──────── Records for the exercise ────────
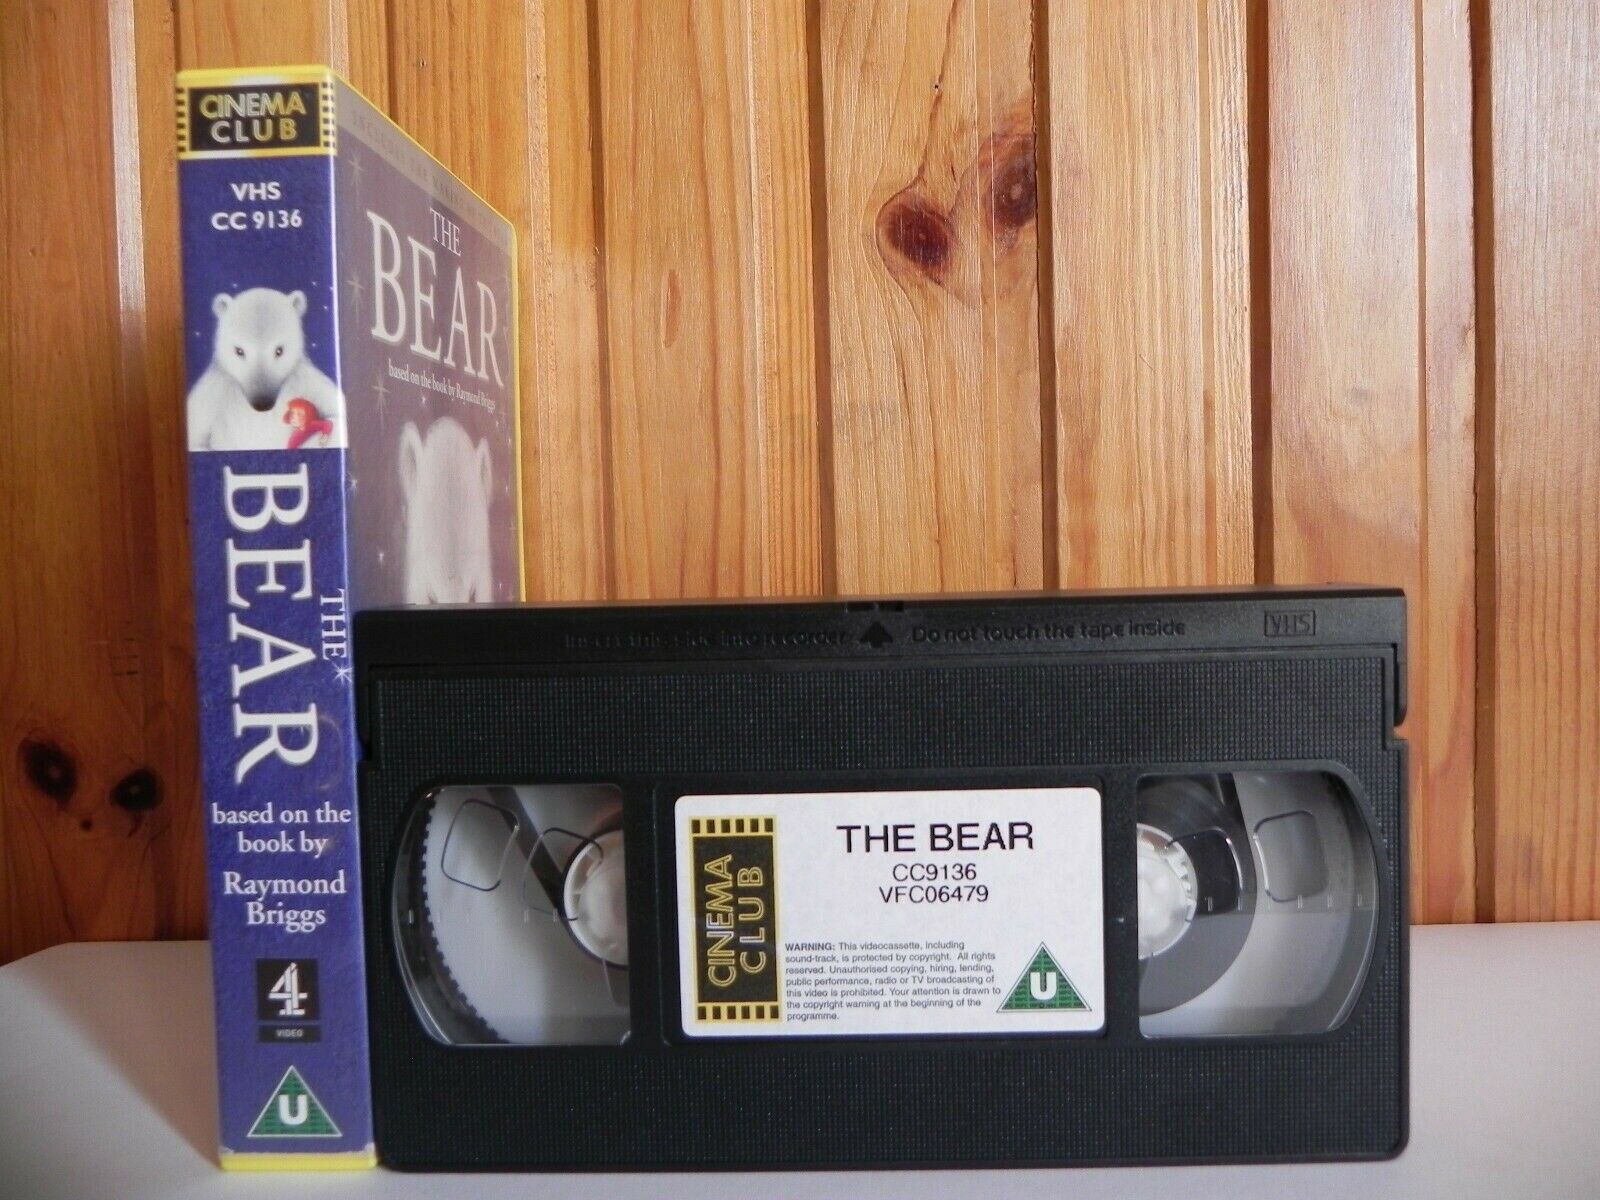 The Bear - Magical Animated Tale - Extraordinary Adventure - Children's - VHS-
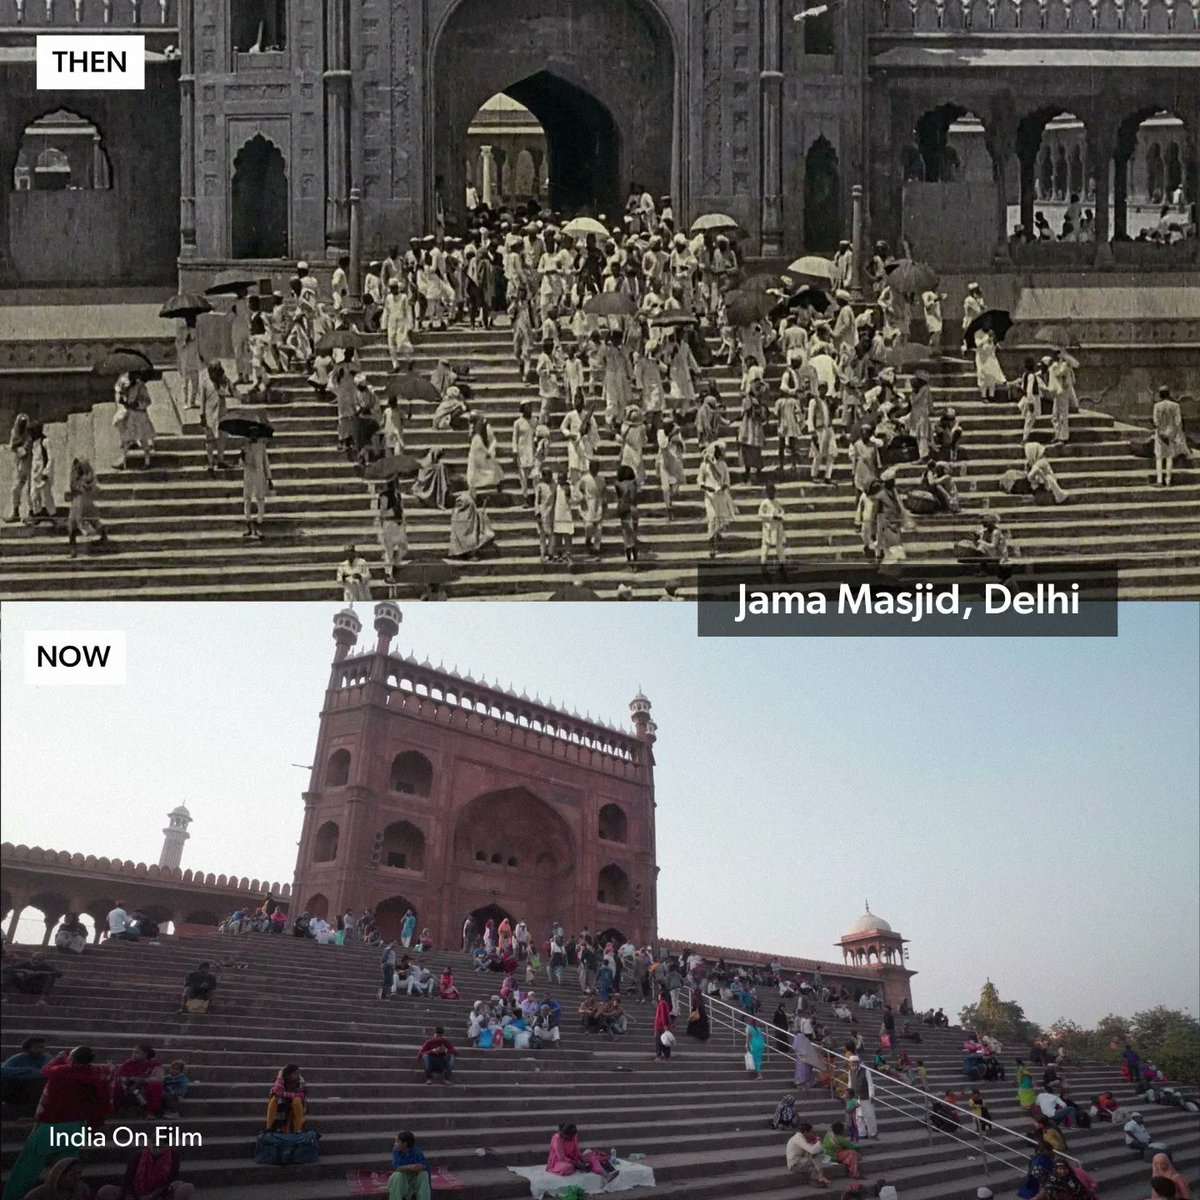 A testament of time 📷

Watch India On Film, on discovery+
#Indianhistorymonth
#discoveryplusin #discoveryplus #indiaonfilm #history #india #travelinindia #indiatourism
────────
What the task requires
Write out again only the lines from the one with "Watch India On Film, on discovery+" through the last line of the records above. Keep every word as it stands.

Exercise response
Watch India On Film, on discovery+
#Indianhistorymonth
#discoveryplusin #discoveryplus #indiaonfilm #history #india #travelinindia #indiatourism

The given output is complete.